Nous travaillons sur divers aspects de l’inclusion financière et, dans ce contexte, nous nous intéressons tout particulièrement aux nouvelles solutions qui peuvent élargir l’accès aux services financiers au profit des populations et des entreprises difficiles à atteindre dans les pays en développement.

À l’issue de cette conférence, nous avons mesuré l’ampleur des changements à venir et la vitesse à laquelle ils pourraient se produire — parfois même, ils ont déjà eu lieu. Certaines innovations aideront les pays en développement à entrer d’emblée dans cette nouvelle ère technologique, sans devoir passer par des phases intermédiaires.
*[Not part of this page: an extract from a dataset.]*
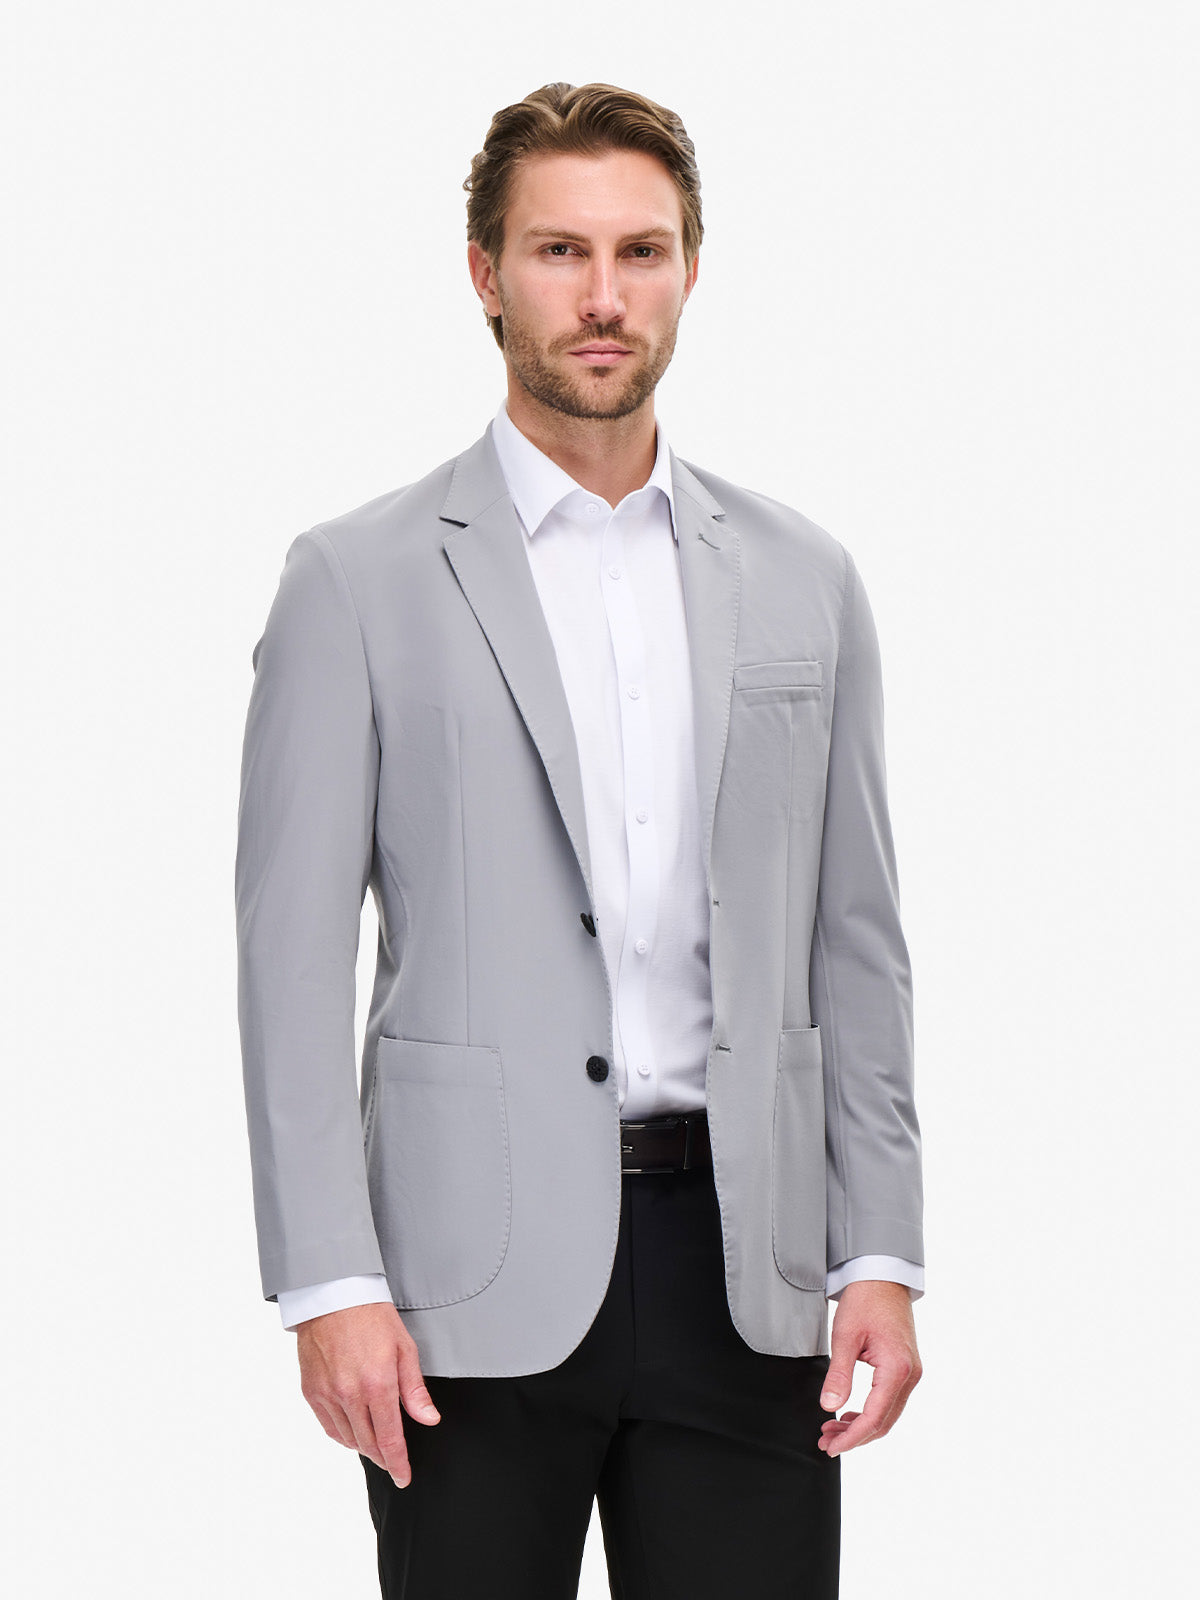 xJacket Air - Grey  Ultra Lightweight Men's Suit Jacket

Ces progrès pourraient avoir un impact fort et des retombées très positives sur l’inclusion financière, et révolutionner la nature des infrastructures financières.

Cependant, ces opportunités font apparaître des risques. Je pense en particulier aux pratiques de prêt inéquitables découlant d’une exploitation et d’une analyse non encadrées des mégadonnées (les big data) ou encore aux vulnérabilités systémiques accrues du fait des menaces qui pèsent sur la cybersécurité.

Voici quelques-uns des principaux enseignements que nous tirons de cette conférence dans la perspective de notre mission, à savoir l’élargissement de l’accès aux services financiers aux deux milliards d’adultes qui restent exclus du système financier.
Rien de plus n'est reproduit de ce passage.